Induction of system xc- in mouse bone marrow-derived macrophages by bacterial ligands

UC Ballroom

The two main types of inflammatory bowel disease (IBD), Crohn?s Disease (CD) and Ulcerative Colitis (UC), affect millions of people worldwide. Expression of the amino acid antiporter, system xc-, is elevated on macrophages in the inflamed mucosa of UC and CD patients, as well as in mouse models of IBD. The goal of this project was to determine the differential regulation of system xc- by macrophages in response to bacterial ligands in vitro. We hypothesized that interaction between intestinal bacterial flora and macrophages via toll like receptor (TLR) activation results in enhanced system xc- expression and macrophage activation.

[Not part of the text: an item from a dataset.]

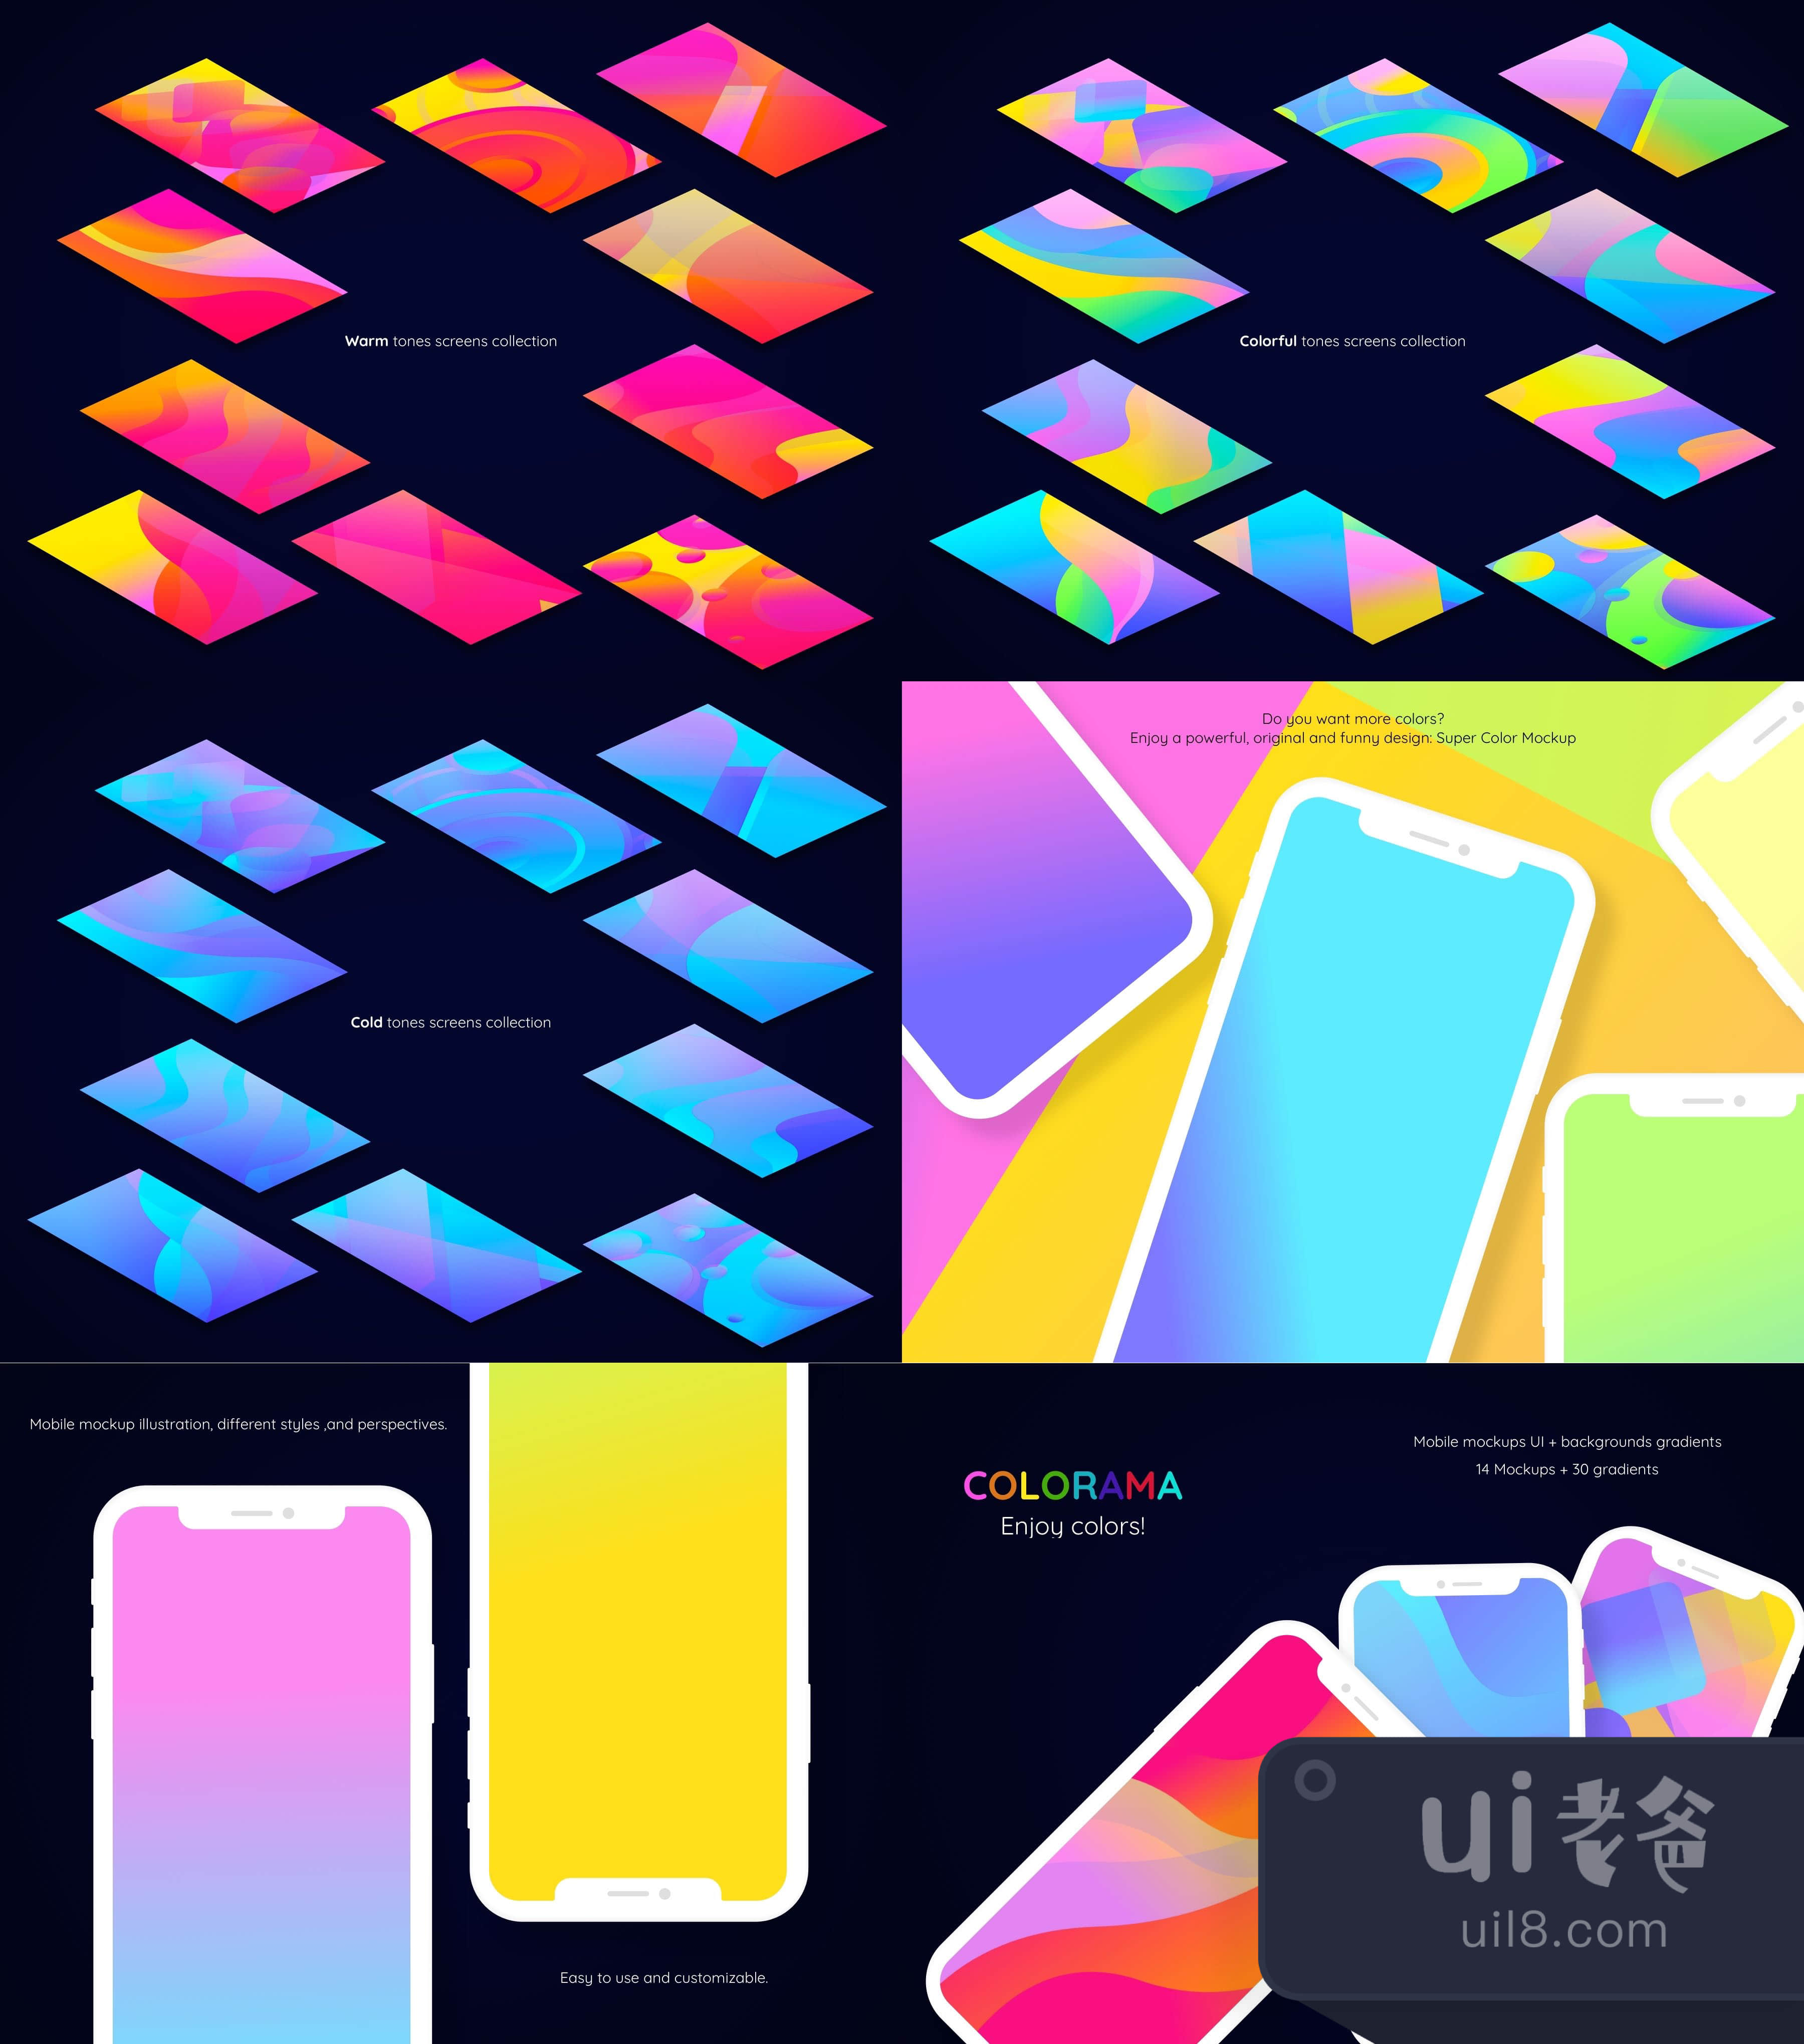 视觉效果图套件 (Colorama UI Kit)插图1

To test this hypothesis, we quantified the expression of system xc- in bone marrow macrophages in response to the model bacterial TLR ligand, LPS, acting through TLR4. We measured system xc- mRNA using RT-PCR and system xc- protein expression using flow cytometry and immunoblotting. We defined the potency of this TLR ligand to upregulate system xc- activity using radioactive amino acids. Finally, we examined molecular mechanisms that regulate system xc- expression on macrophages using recombinant mouse interleukin 10 and the NF-kappa B signaling inhibitor, SN-50. The results from this study will broaden our understanding of system xc- in intestinal homeostasis and disease.